古本喫茶、ひそかな人気 明石の「シェア本棚明石」開業1年 飲食格安で読み放題 小説や詩の創作、応援する場に

店内に立つ風杜さん。市の「明石まちなかブックスポット」にも認められている=明石市魚住町西岡

 風杜歌男(かざもりうたおのこ)さん(55)=ペンネーム=が、自宅近くの兵庫県明石市魚住町西岡で古本喫茶「シェア本棚明石」を開き、間もなく1年になる。格安で飲食しながら古本も読み放題とあって、子どもやお年寄りのひそかな人気スポットに。文学サロンを催すなど文化拠点の顔も持つ。「地元で小説や詩を書くクリエーターを応援する場にしたい」と意気込む。(松本寿美子)

 中国江蘇省無錫市で、日系企業進出などを支援するコンサルティング業を営んでいた。これまで中国を舞台にした10作の小説を電子書籍で発表し、音楽バンドでも活動。帰郷後、書店やレコード店、楽器店がなくなった地域に交流の場をつくろうと、昨年6月、築50年の店舗跡に開業した。

 壁一面の本棚には古本がいっぱい。1マスを月千円で借りられ、広く伝えたい本を並べたり、自著を販売したりする人も。150円からのコーヒー、かき氷やおにぎり、パン、たこせん、わらび餅、駄菓子などを提供。風杜さんが考案したインドのナン風生地の皮にチーズなどを挟んで焼く「中華なんナン」や牛すじこんにゃく丼もある。

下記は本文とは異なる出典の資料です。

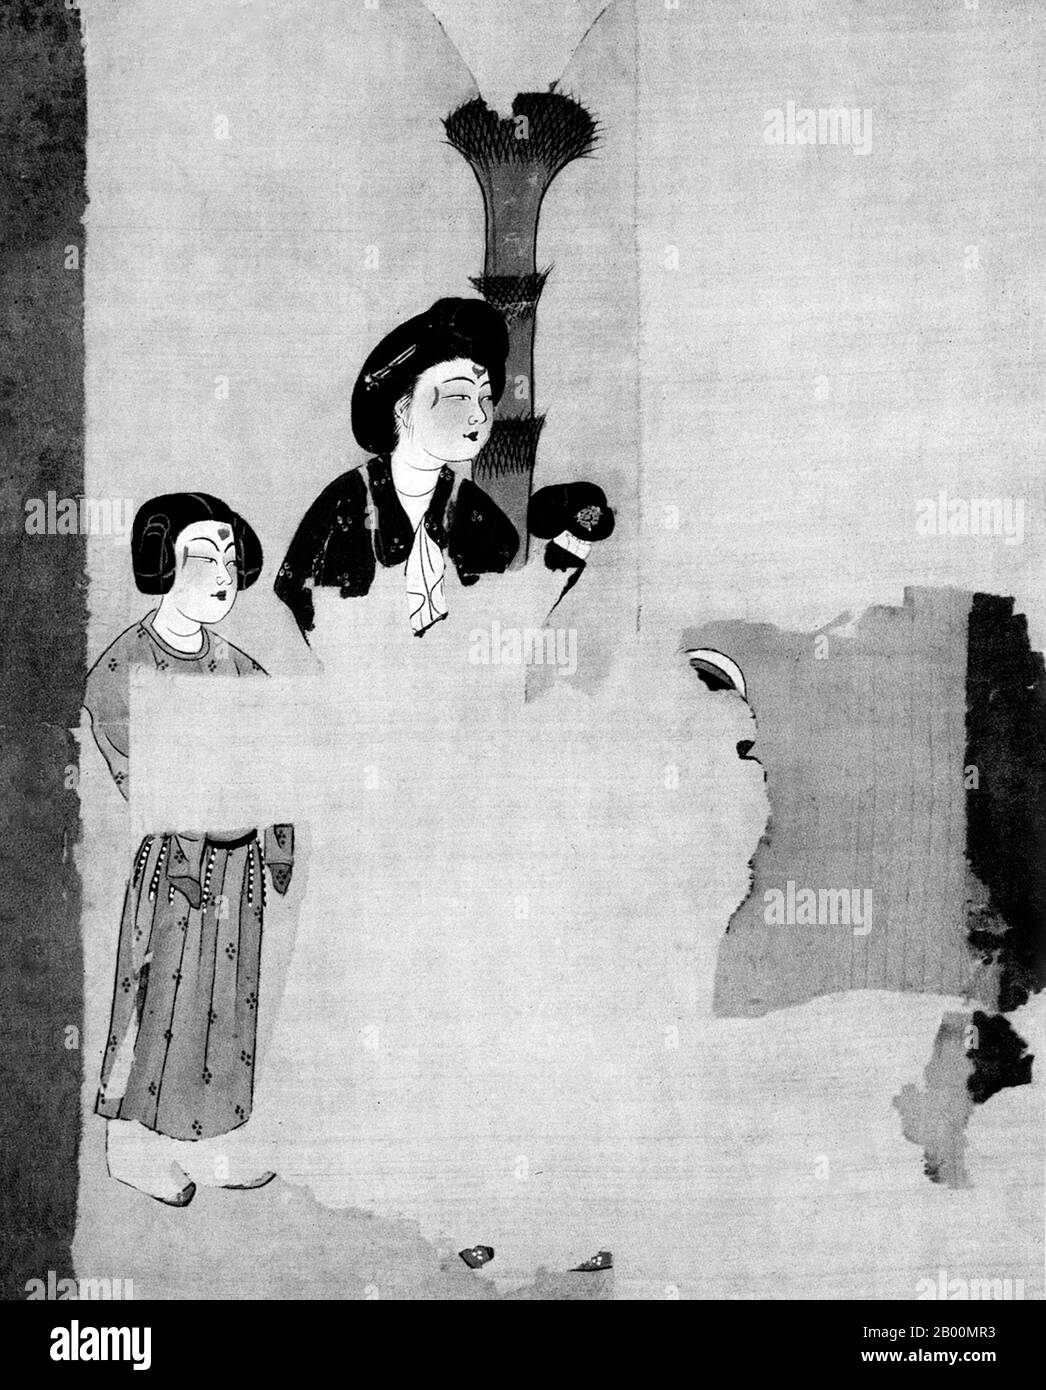 China: Part of a silk painting showing a lady and her page, from Astana Cemetery, Turfan, Xinjiang.  The Astana Graves are a series of underground tombs located 6km from the ancient city of Gaochang, and 42km from Turpan, in Xinjiang, China. The tombs were used by the inhabitants of Gaochang, both commoners and locals, for about 600 years from 200 CE – 800 CE.  The complex covers 10 square kilometers and contains over 1,000 tombs. Different plots for separate castes and families are marked by gravel dividers. Due to the arid environment many important artifacts have been well preserved. Stock Photo

 昼間は高齢者、夕方には小学生でいっぱいになる。「おっちゃん、よう子どもでも入りやすい店開いてくれたわ」と感謝され、「何で子どもが入りやすいんか考えてみる」と夏休みの自由研究にする子も。「うるさいけど面白い。口は悪いけど、ありがとうございましたってお辞儀して帰られると全部帳消しになる」と目を細める。

 地元の人の絵を展示販売するほか、かき氷を賞品に小学生が創作した絵画や音楽、漫画、アクセサリーなど幅広いジャンルのコンテストも開催。自作の雑貨を持ち込む子もおり「これが売れるんですわ」という。

 飲食せず読書のみも可。無料貸し出しもある。電子書籍出版や音楽配信のノウハウも教える。風杜さんは「本を読む人より書く人を育てたい。その方が地域も活性化すると思う」と話す。